Another measure added to the NDAA gives the Department of Homeland Security’s Cybersecurity and Infrastructure Security Agency (CISA) the ability to issue subpoenas to internet service providers compelling them to release information on cyber vulnerabilities detected on the networks of critical infrastructure groups.

Other clauses included were those to establish a five-year term for the directors of CISA, to establish a biennial tabletop exercise led by DHS to evaluate the ability of the federal government to respond to a cyberattack on critical infrastructure, and the establishment of a federally-funded center to develop cybersecurity insurance certificates. 

Rep. Mike Rogers (R-Ala.), the ranking member of the House Homeland Security Committee where many of these policies originated, said in a statement Tuesday that “these amendments all play a critical part in mitigating our nation’s cyber risk and working to stay ahead of evolving cybersecurity threats.”

CSC co-chair Mike Gallagher (R-Wis.) and CSC member Rep.
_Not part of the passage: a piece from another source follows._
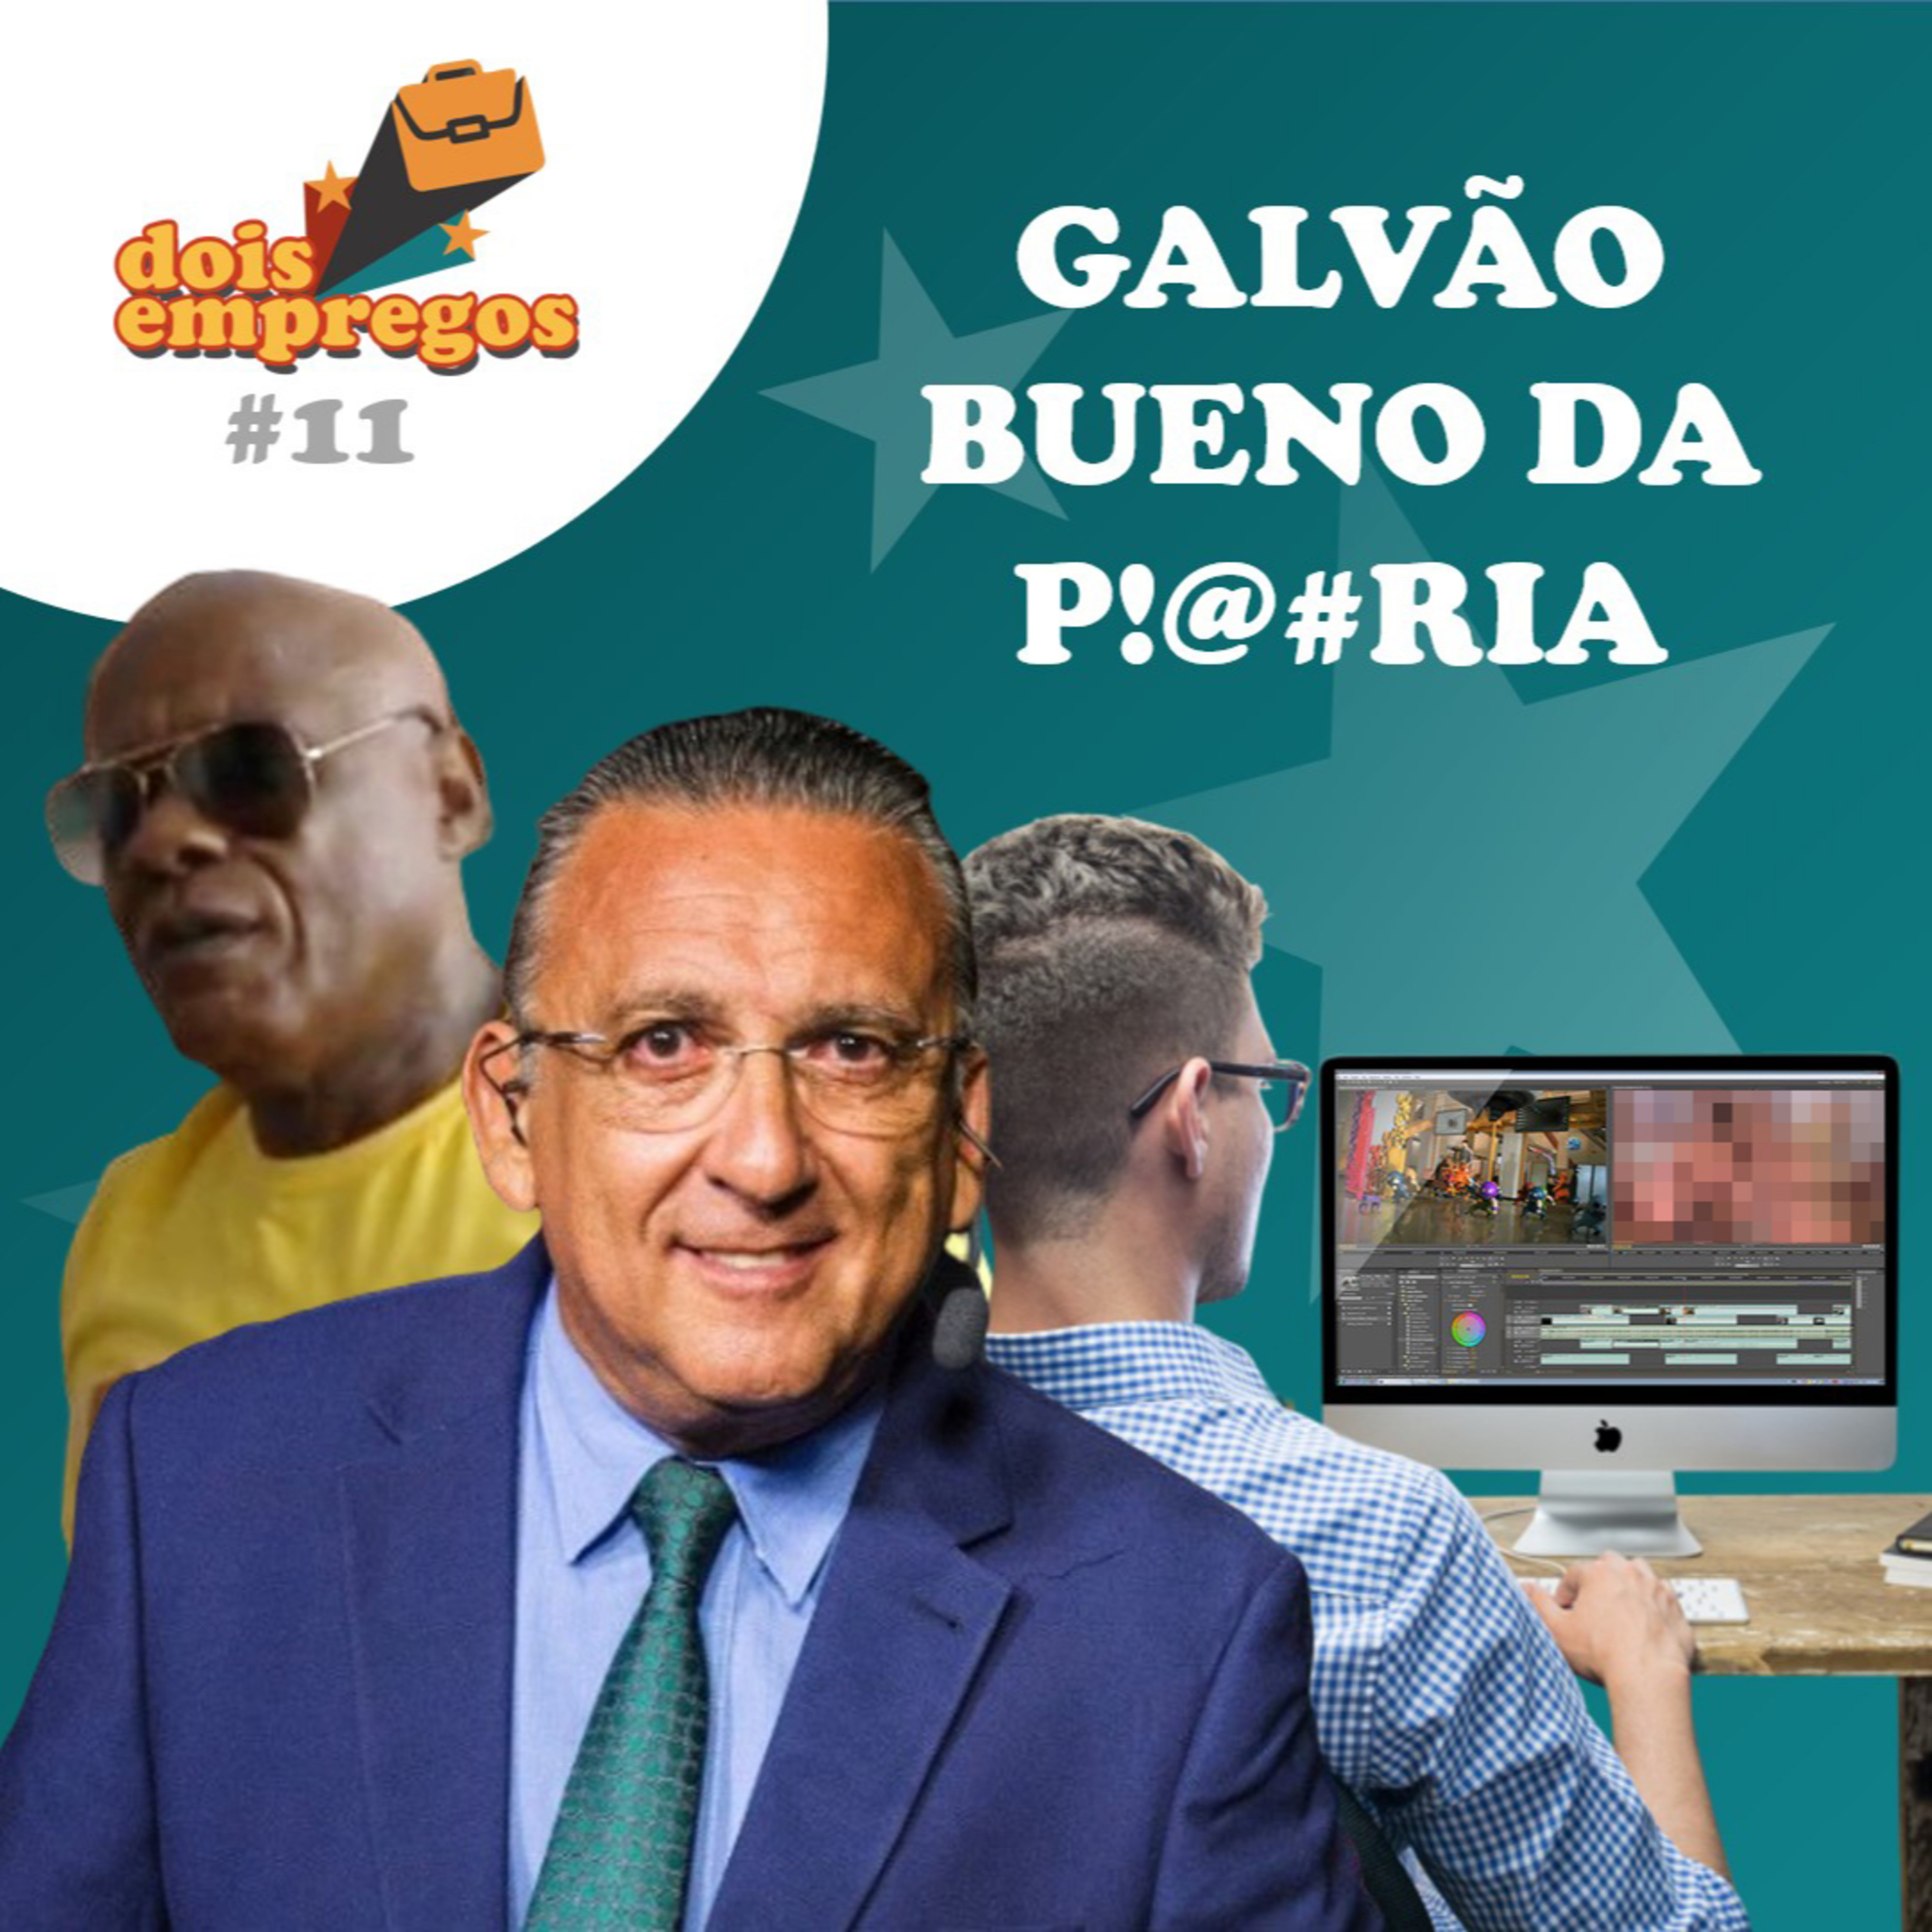 #11 - Galvão Bueno da P!@#ria (ft. Felipe Faria)

Jim Langevin (D-R.I.) were among the sponsors of the cybersecurity amendments in the House.  

Cyberspace has emerged as a decisive battlefield that puts all Americans — knowingly or unknowingly — on the frontline of conflict. Defending our interests in this domain requires not only substantial investment, but reform that allows us to adapt to these ever-present and ever-changing threats,” Gallagher said in a statement on Monday. 

Langevin added in a separate statement that “this important work to forge forward learning cybersecurity defenses requires a full court press, and I’m thankful for having the support of my colleagues in advancing policy that will help better shield the U.S. from cyber incidents that could spark massive disruption and adversely impact our economic and democratic standing.”